Setup: 2 ESXI 5.0 hosts, connecting to a Dell MD3200i SAN via stacked Cisco switches. The setup has 3 LUNS.
Problem: The small, private cloud with a webserver and backend DB server (amongst a few other servers ) became inaccessible from the outside world via HTTP/SSH etc. Upon inspection it appeared that the iSCSI storage was flapping.
vCenter was located on the same storage so checking anything via this was intermittent.. Connecting to the hosts via the client were also problematic as it kept freezing and timing out. In my experience storage trouble also has a knock on affect to the hosts.
SSH was the best option so I logged onto both of the hosts and checked the vmkernel.log.
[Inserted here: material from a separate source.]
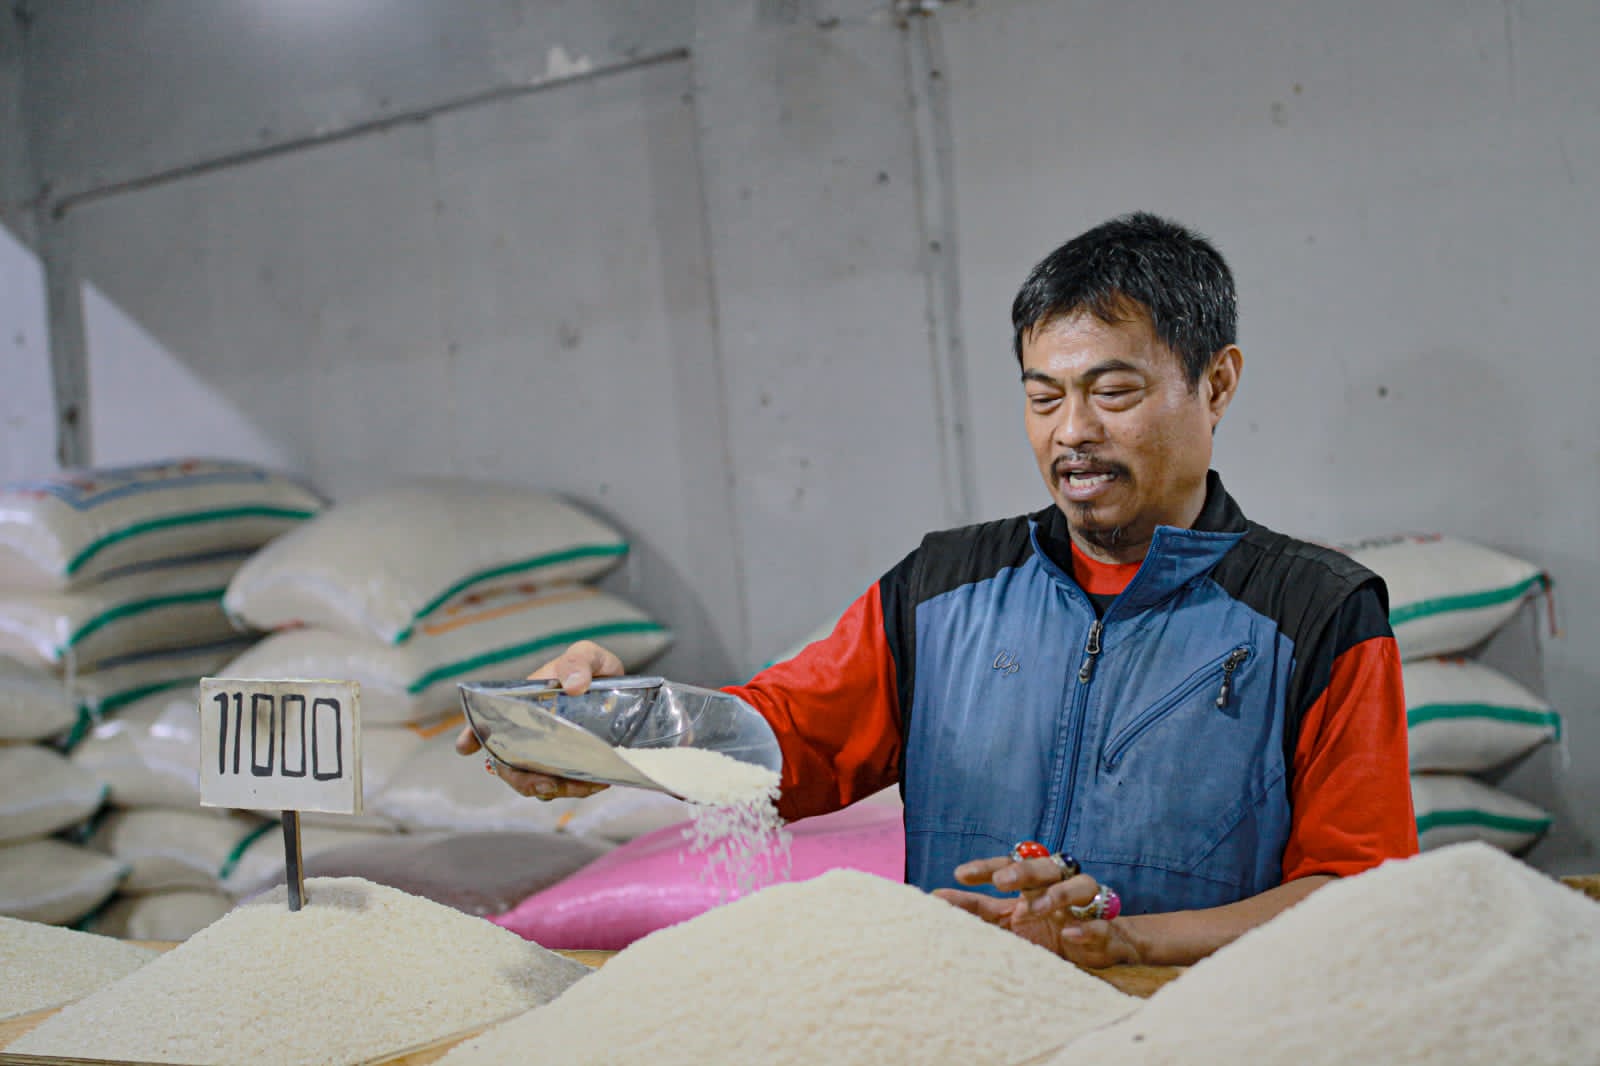 JUAL MAHAL: Harga beras yang dijual di pasar Kota Bandung saat ini meroket dan belum ada tanda-tanda kembali normal. (KHOLID/JABAR EKSPRES)

Both were showing iSCSI time outs
2014-09-03T09:51:50.682Z cpu0:2068)FS3Misc: 1440: Long VMFS3 rsv time on 'ManagementLUN' (held for 118611 msecs). # R: 0, # W: 0 bytesXfer: 0 sectors
2014-09-03T09:53:25.837Z cpu2:2069)FS3Misc: 1440: Long VMFS3 rsv time on 'StorageLUN1' (held for 118599 msecs). # R: 0, # W: 0 bytesXfer: 0 sectors
2014-09-03T09:54:13.404Z cpu6:2067)FS3Misc: 1440: Long VMFS3 rsv time on 'VMLUN' (held for 150307 msecs). # R: 1, # W: 0 bytesXfer: 1 sectors
The reservation times were as high as 1.5 seconds to the LUNs. These messages normally appear in the logs when the reservation time exceeds 200ms (maximum VMware reserve time).
Other messages in the vmkernel.log included:
HBX: 231: Reclaimed heartbeat for volume 4f5096b8-67f3f45e-74e7-d4bed9b5a69f (StorageLUN1): [Timeout] [HB state abcdef02 offset 3457024 gen 417 stampUS 14126371426996 uuid 532f5035-cecfff64-1597-d4bed9b5a69f jrnl <FB 9$
Waiting for timed out [HB state abcdef02 offset 3457024 gen 35 stampUS 14126368571853 uuid 532f5035-cecfff64-1597-d4bed9b5a69f jrnl
This pointed towards being a storage issue. The Cisco switches were checked and no errors were appearing on the iSCSI interfaces. I then logged into the Dell MD3200i and again no errors were showing. However, as both hosts were having the same issue the SAN was the main culprit. I called Dell support who agreed there looked nothing wrong on the face of it. They recommended upgrading the FW on the Storage Controllers to the latest version.
The firmware on the MDSM (Modular Disk Storage Manager) was required first before the controller updates. Once complete the firmware on the controllers went from 07.80.41.60 -> 07.84.56.60 the errors on the ESXi hosts disappeared and the storage came to life. A reboot of the VMs affected via a file check and we were back in business.
Dell weren't sure if it was a bug in the firmware or just the controller switch which resolved the issue.